When you fall down the Bitcoin rabbit hole, and you really start to 'See the Bow', as it were, you start to believe it can have a positive impact on the world.
But this requires an audacious amount of generosity of spirit. To think that something, some piece of technology can come along and save us? If you say this to someone, you already sound insane. This is partly why orange pilling others can be so challenging.
To believe that humanity can change - and move towards using a system of money that is more fair, more transparent and morally superior takes a huge leap of faith. You have to first of all have spent a lot of time thinking about what the problem is, which already put you in a rare category of people, who care deeply enough about the world to want to improve it. Then you need to be open-minded enough and have such a huge capacity for the suspension of disbelief that you're willing to listen and learn and consider something new. You need to have a plasticity of mental acuity that allows you to imagine a better world. Bitcoiners are imagining a better world with magic internet money. And we sound like fools to the rest of the world.
Jack and the Beanstalk
The fairy-tale of Jack and the Beanstalk is a story about of hope and wanting for a better world. It's also a story about how people who have the audacity to dream are ignored, ridiculed and thought of as fools. In the story the young boy Jack, trades his family's cow for a hand full of "Magic Beans". When he gets home and excitedly explains the trade to his mother she scolds him and throws the beans out the window. But the beans take root and Jack tends to the plants... and they start to grow. Eventually they grow so large that they reach through the clouds and when Jack climbs the beanstalk he finds another world beyond the clouds. A world filled with riches and splendor.

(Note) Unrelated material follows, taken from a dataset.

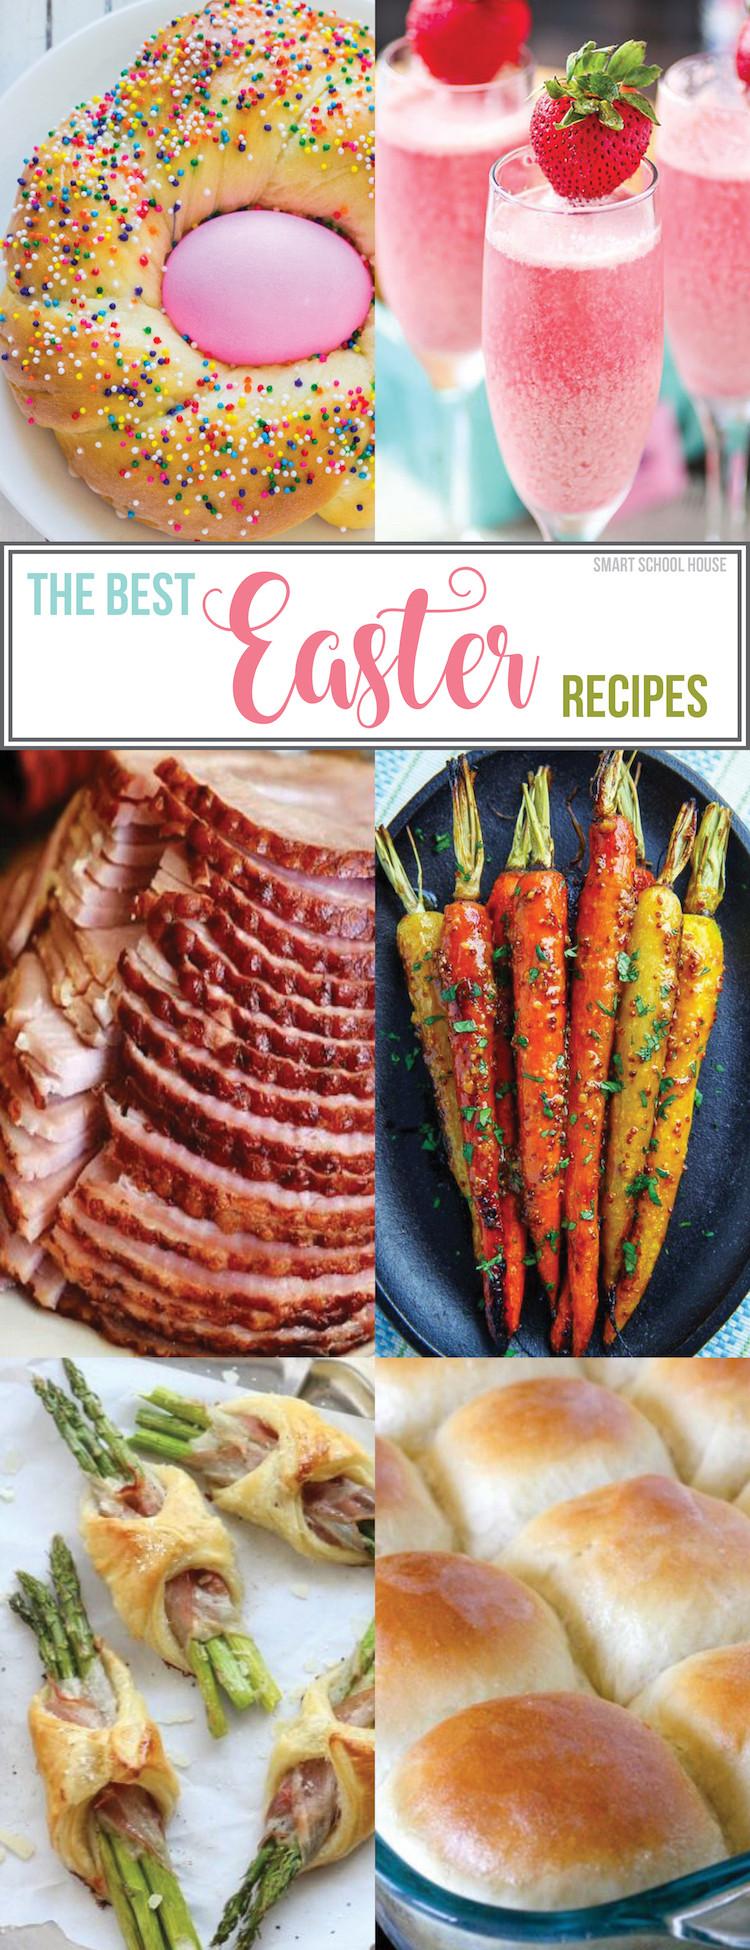 Best Easter Dinner Recipes  The Best Easter Recipes Smart School House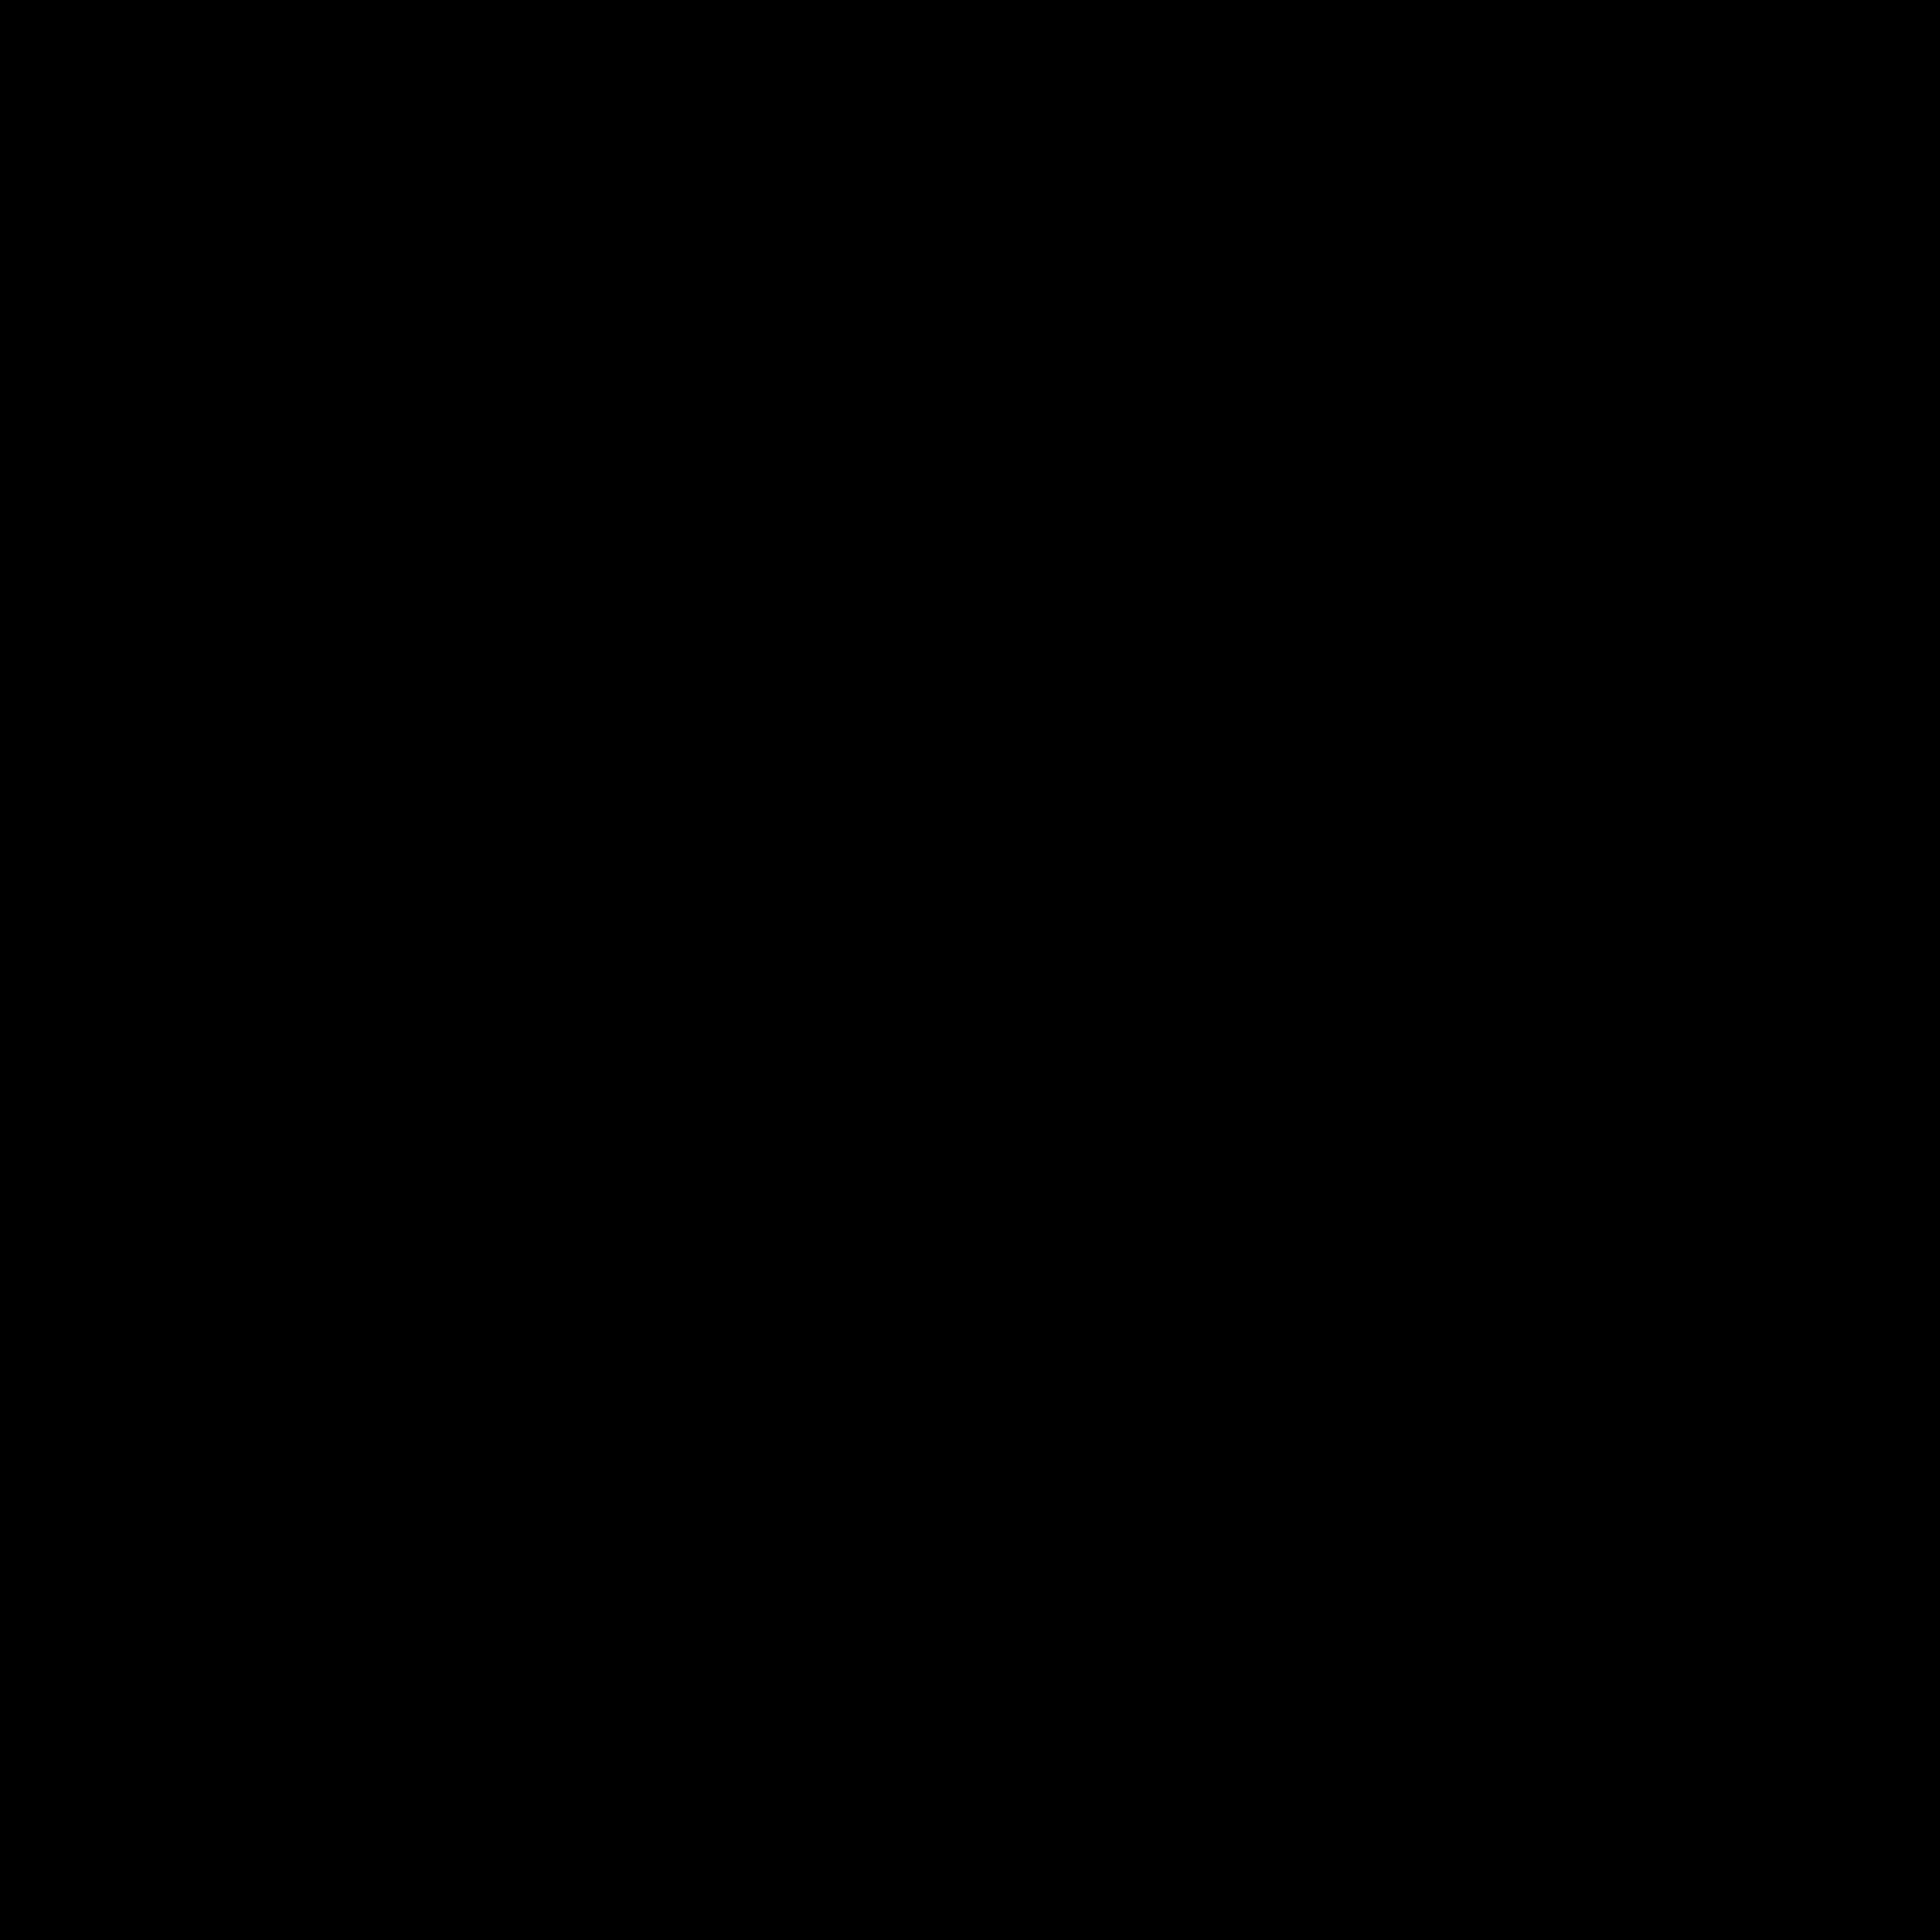 jordan logo 0 - Jordan Logo

I think this story has a lot of parallels with the story of Bitcoin. Early adopters are putting significant amounts of hard-earned capital into something that the rest of the world thinks is a Ponzi scheme. We must seem as foolish and naïve as poor Jacks mother thought he was. Foolish enough to believe that this magic technology that we traded hard earned savings for will someday grow and thrive and carry us to a world beyond our current reality. That a handful of these "magic internet coins" will someday be worth more than the family cow. Right now, for many of us, It's still just a dream - it's "Pie in the sky". But who knows? Perhaps one day, if we keep building our stacks, keep hodling and tending to our cold-storage coins. Maybe - just maybe, we'll be the one's climbing those bean stalks and finding a world beyond what we currently know.